- Born: Delmar, New York, US
- Education: Fashion Institute of Technology
- Occupation: Fashion designer
- Label: Organic by John Patrick
- Website: organicbyjohnpatrick.com

= John Patrick (fashion designer) =

American fashion designer

John Patrick is an American fashion designer and retailer. He is known for being an early adopter of sustainable fashion, and is a co-founder of the eponymous Organic by John Patrick clothing label.

==Early life and career==
Patrick was born in Delmar, New York, and grew up in the nearby hamlet of Elsmere. Patrick was raised in a self-sufficient commune where members grew their own food and often did not wear clothes. He has described his childhood as "free-spirited" and his parents as "pre hippie".

At age 15, Patrick opened a store in Saratoga Springs selling vintage items. He moved to New York City to become a watercolor painter, but later decided he wanted to make hats, and took a millinery class at the Fashion Institute of Technology in Manhattan. Barneys New York started carrying Patrick's hat collection in 1982. Throughout the 1980s and 1990s, Patrick designed items for his John Patrick Collection label.
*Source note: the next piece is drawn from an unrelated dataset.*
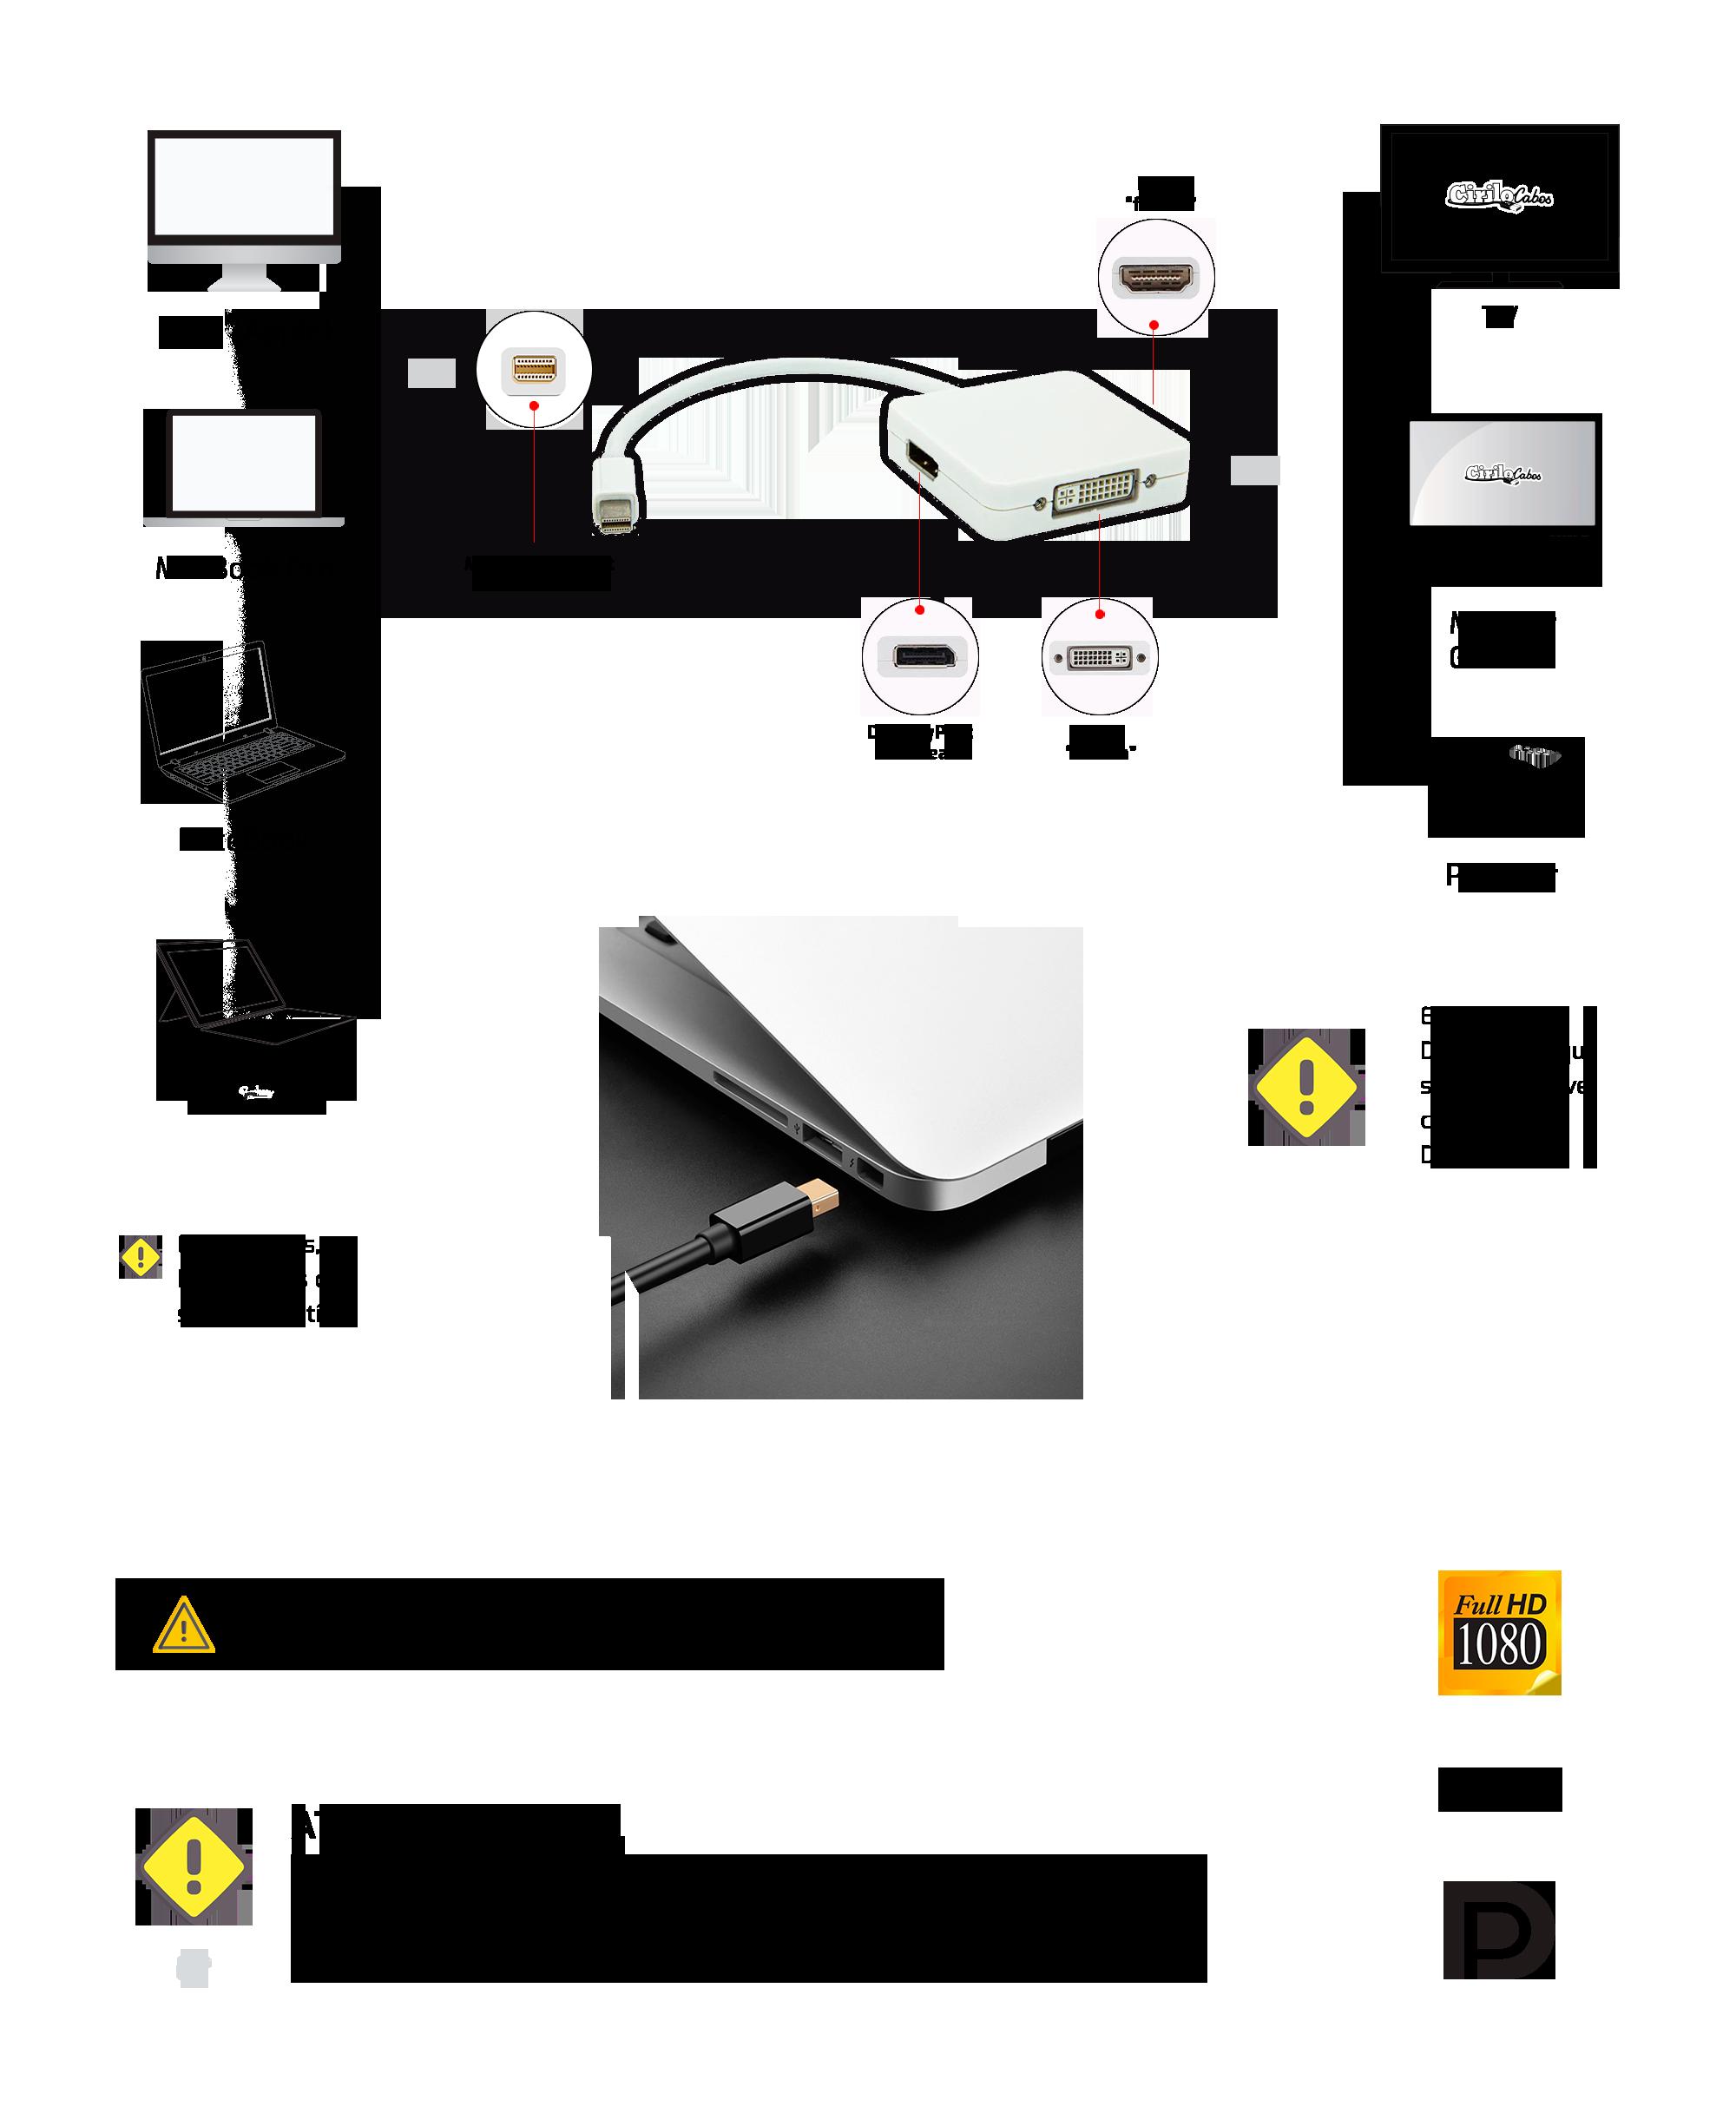 Adaptador Mini DisplayPort 3 EM 1 DVI HDMI DisplayPort

==Organic by John Patrick==
===Founding===
In 2004, Patrick and his life partner Walter Fleming launched Organic by John Patrick, a fashion brand focused on sustainable and eco-friendly practices. Patrick attributed the company's founding to his environmentally conscious values and upbringing, as well as his desire to create positive change in the aftermath of the 9/11 attacks. In 2000, Patrick moved from Manhattan to an abandoned warehouse in upstate New York and began to research organic materials. That year, Patrick was one of the first designers to establish a relationship with organic farm collectives in Peru.

===Style===
Known for their slip dresses, Organic by John Patrick is also credited with making the first organic Oxford shirt in conjunction with Creditex in Peru. Patrick has stated that minimalism is a hallmark of the brand. Florence Kane of Vogue magazine described the style as one that "defies the crunchy conception of how a (for lack of a better word) "green" collection is expected to look".
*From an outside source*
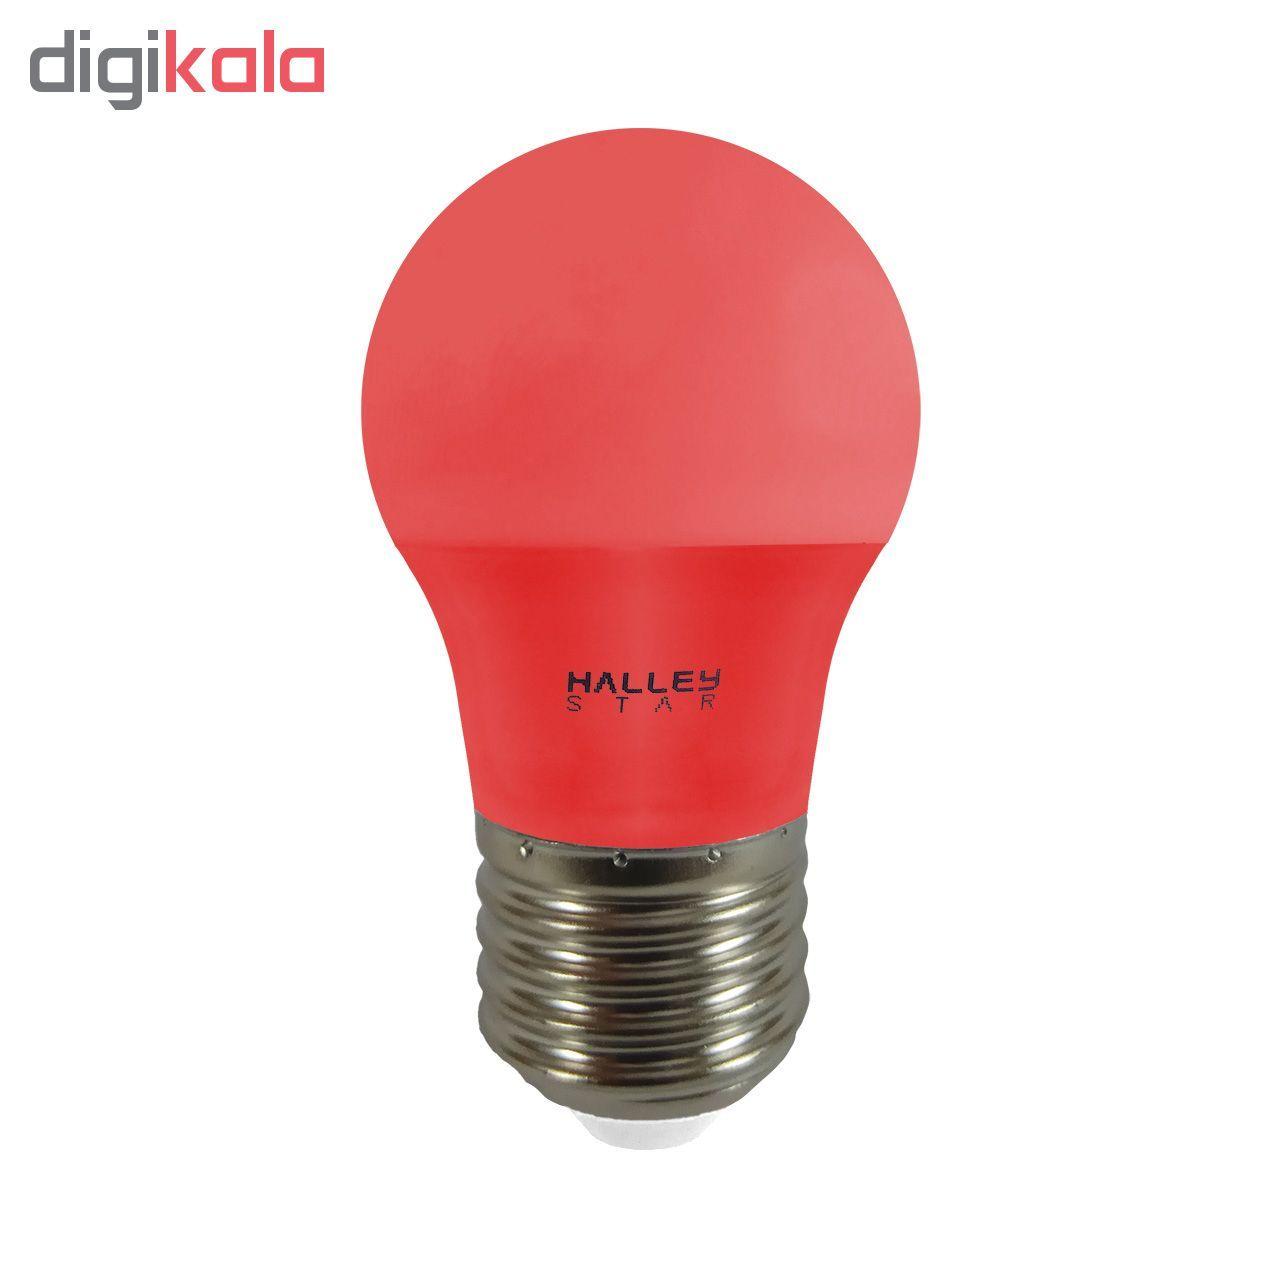 لامپ ال ای دی 3 وات هالی استار کد B45 رنگی پایه E27  main 1 1

Organic by John Patrick's Spring 2009 line, "American Gothic", featured rural-styled clothes modeled after Great Depression-era fashion, in a nod to the ongoing Great Recession.

===Production===
The production of Organic by John Patrick is done with partners in Peru, New York, Scotland, Japan and Nepal, and only uses organic fabrics. The company works with its vendors to create sustainable textiles and has helped its factories adopt more environmentally sound manufacturing methods. Organic by John Patrick has used botanical dyes, digital print techniques, recycled fabrics and organic wool yarns, and resurrected traditional practices such as hand weaving. Patrick has stated that he uses recycled materials, such as recycled polyester, in every one of his collections. In 2018, the company began working with Ni En More, a nonprofit women's sewing studio in Juarez, Mexico.

Organic by John Patrick has used source maps to educate buyers about how products were created and where they originated from. This has been accomplished through the use of QR codes as well as video.
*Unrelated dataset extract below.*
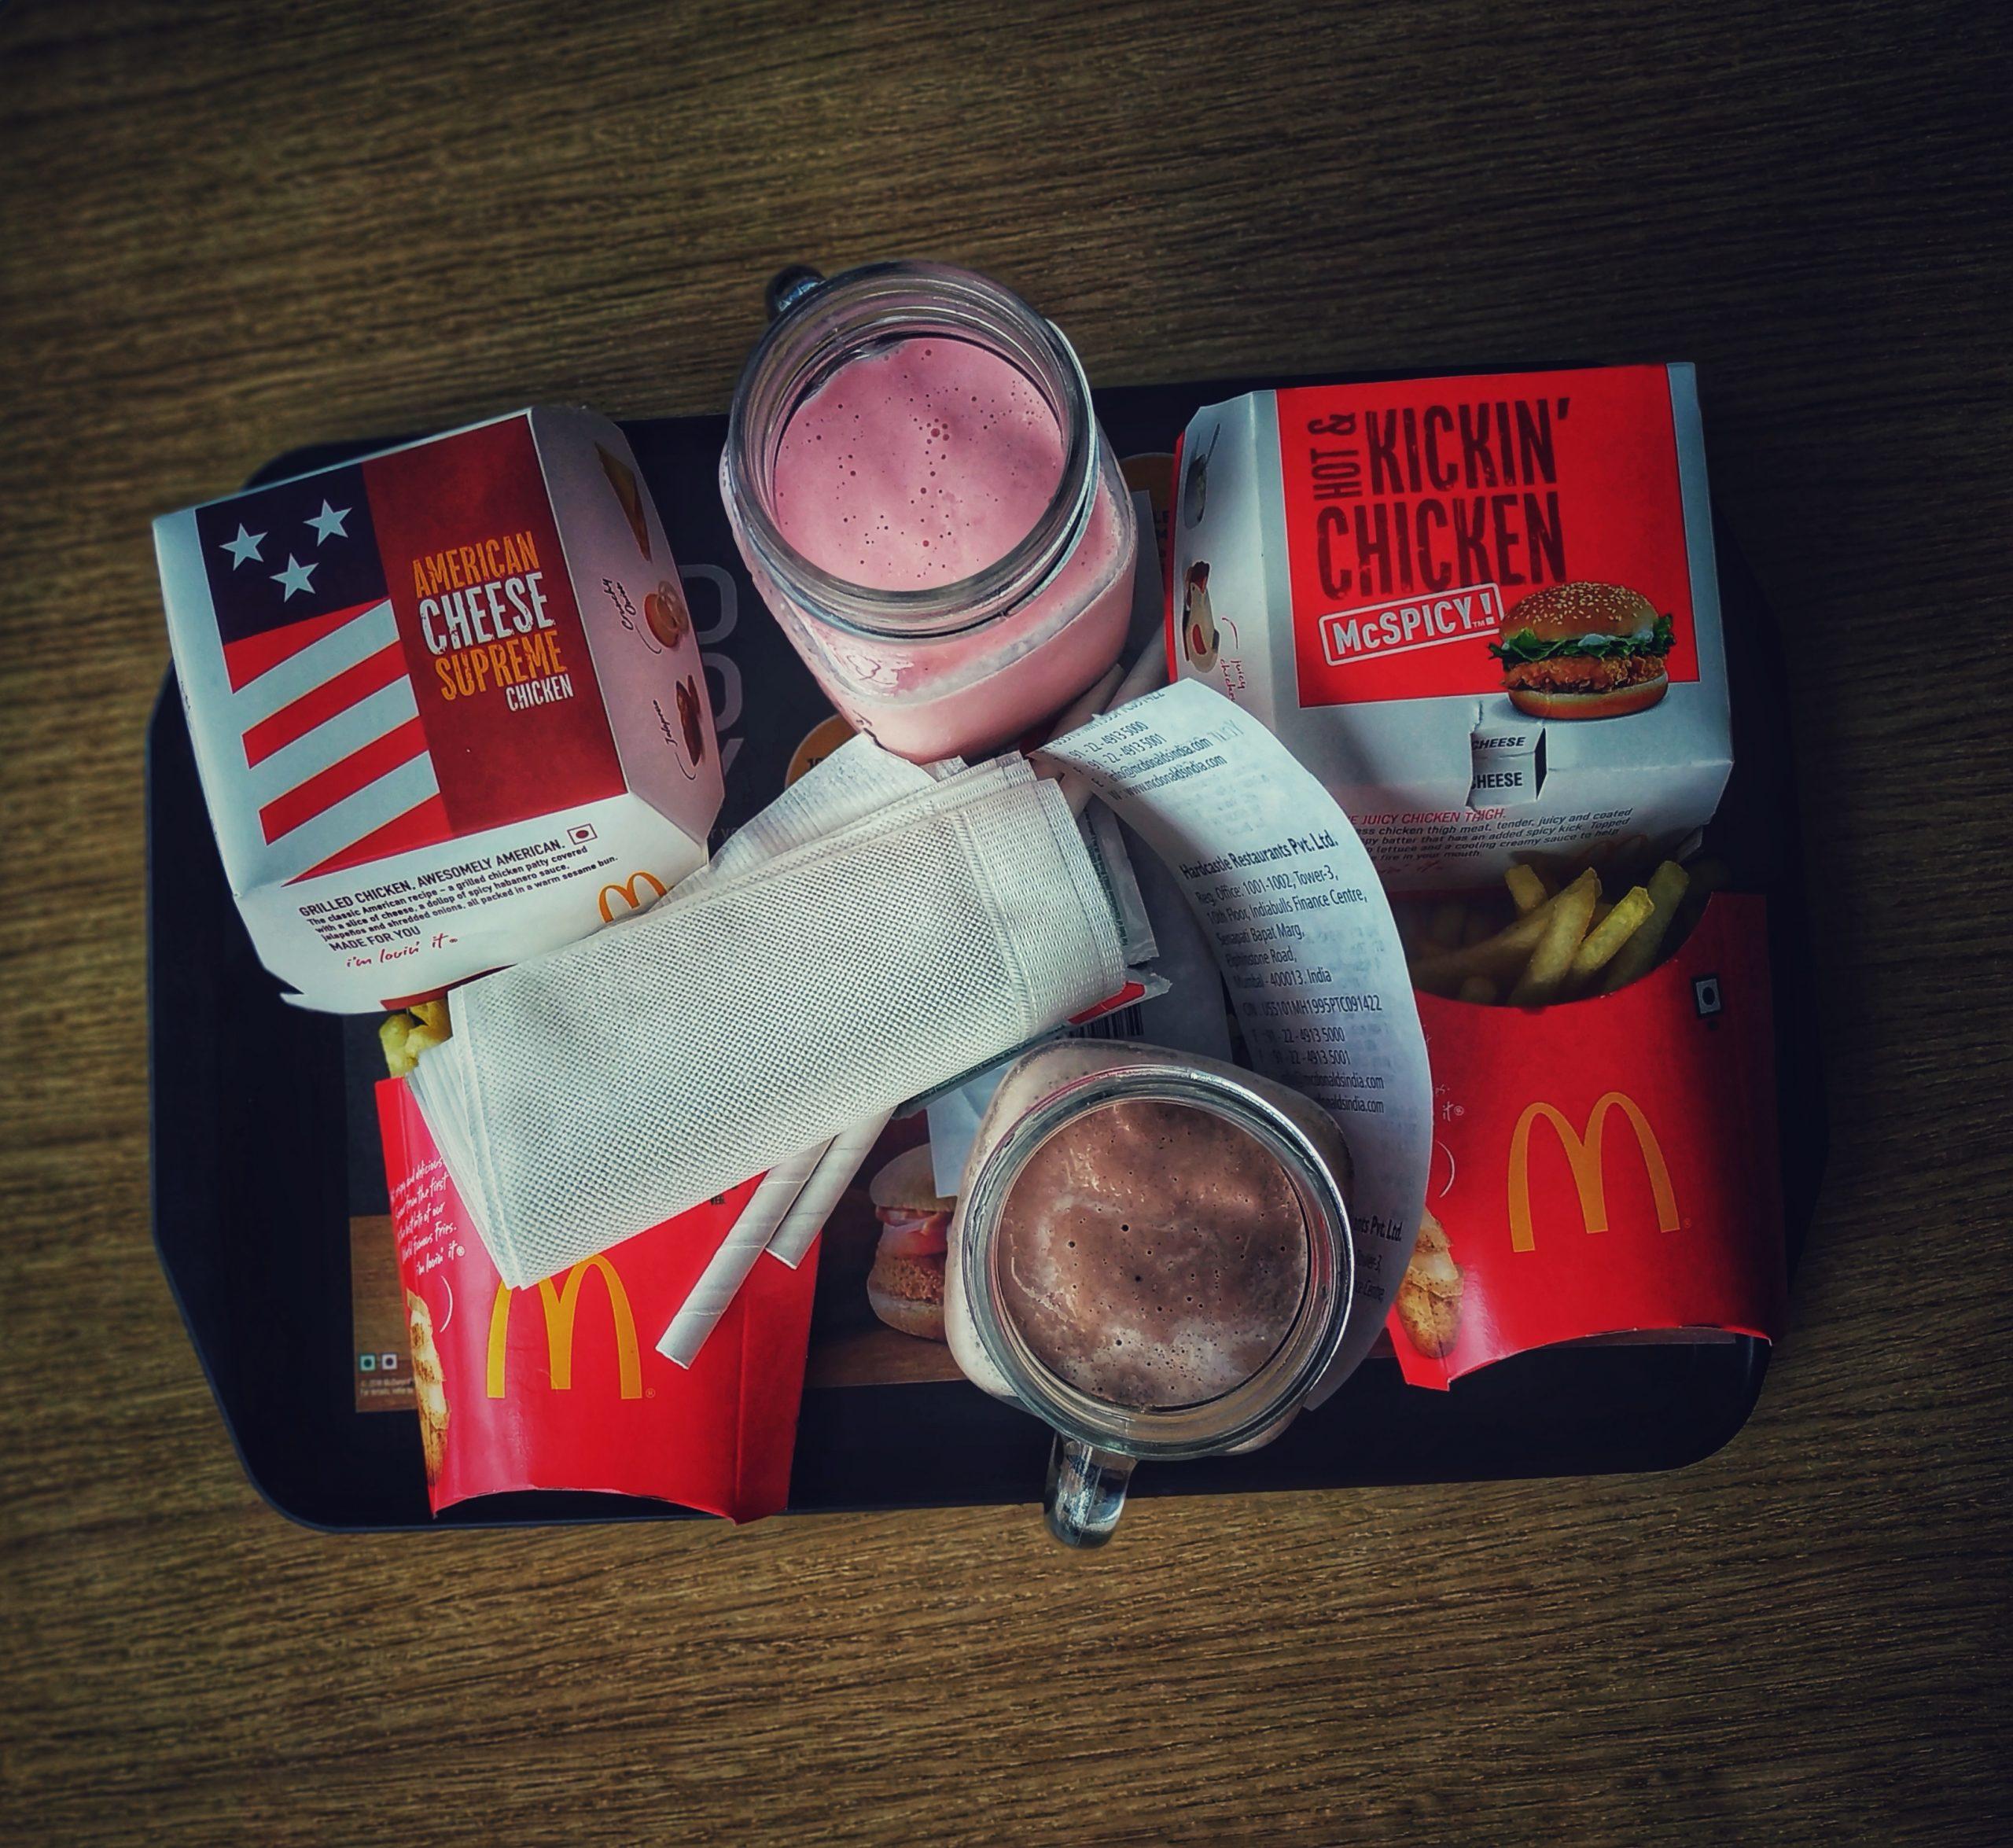 Mc Donald's Meal

===Awards and recognition===
In 2008, Organic by John Patrick was named a finalist for the CFDA/Vogue Fashion Fund award. The company also received an Honorary Award for Ethical Fashion as part of the first annual theFashionSpot Style Awards in 2013.

==Other ventures==
===Retail stores===
Patrick owns two Communitie boutique stores in Amagansett, New York, and Marfa, Texas, which sell clothing and jewelry as well as global textiles, pottery and art. In 2021, Organic by John Patrick opened a store in Bridgehampton, New York.

===Writing===
In 2008, Patrick contributed to FutureFashion White Papers, a collection of essays with a foreword by Diane von Furstenberg that includes a variety of designers, models, business owners and farmers discussing the apparel and textile industries and environmental problems.

===The John Patrick Show===
In April 2010, a six-episode TV show about Patrick called The John Patrick Show was greenlit for Discovery's Planet Green channel. However, the show ultimately did not air.

==Personal life==
Patrick is a china ink painter. His life partner is Organic by John Patrick cofounder Walter Fleming.